Hartinger-Klein is not considered an ideological hardliner. In a 2018 interview, she claimed to have only joined the party in order to be able to accept a position as a speaker on social affairs in the Styrian diet, a job she felt compelled to take out of a sense of social responsibility. She in fact left the party for nearly eleven years between 2002 and 2013. Her political affiliation does not reflect family background.

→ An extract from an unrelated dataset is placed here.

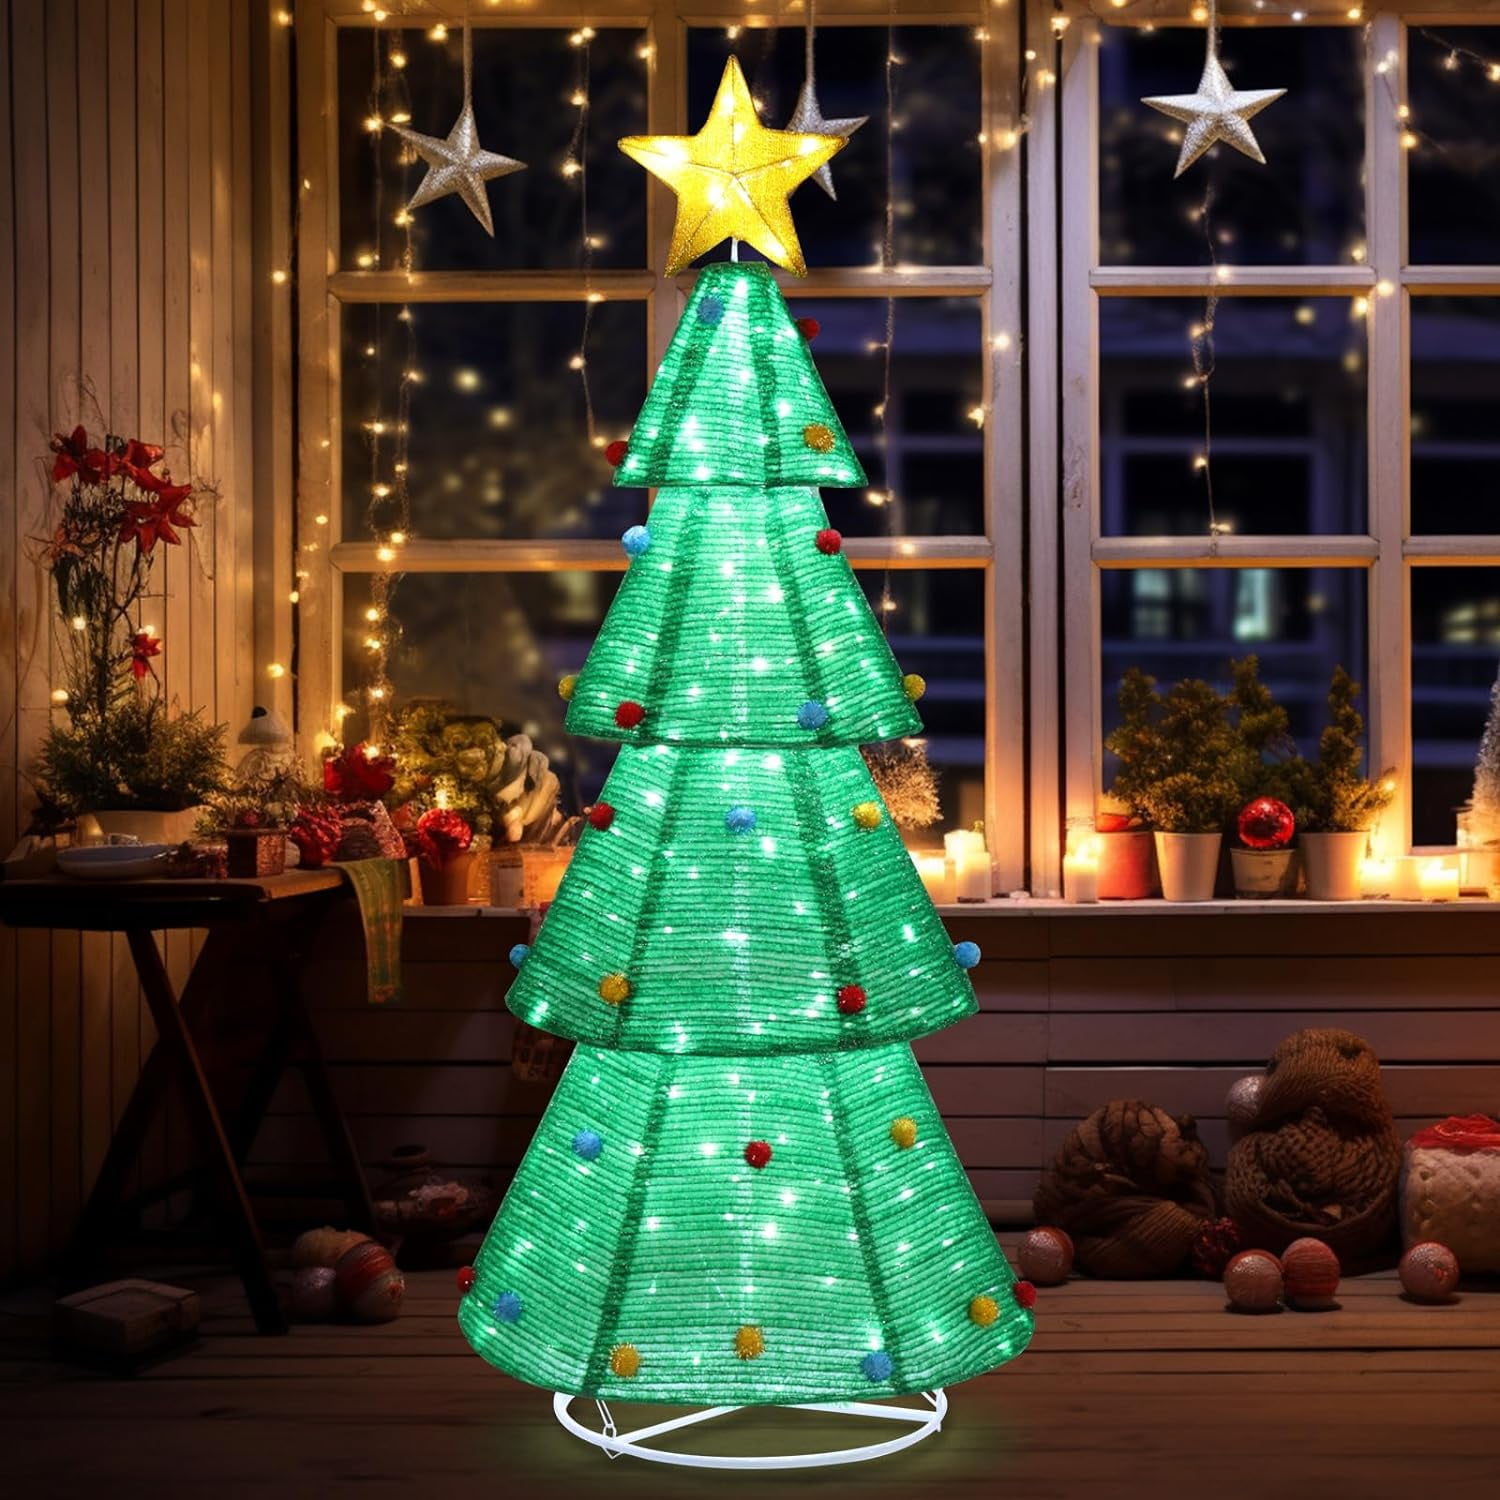 6FT Spruce Artificial Christmas Tree with Remote Timer 240 LEDs USB DIY LED  String Light Holiday Decor,Foldable Stand,48in Christmas Tree Bag

Her father identified as a conservative − an unusual and conspicuous posture for an Austrian railway worker at the time − and her mother was a Social Democrat.

On her official ministry web page and in her official CV, Hartinger-Klein professes to be a member of the Austrian Evangelical Church, a mainstream but minority congregation in Catholic-dominated Austria. Austrian politicians are not usually expected to stress their congregational affiliations in this way. Hartinger-Klein's husband, Andreas Klein, is an Evangelical theologist, ethicist, lecturer with the University of Vienna, and ethics consultant.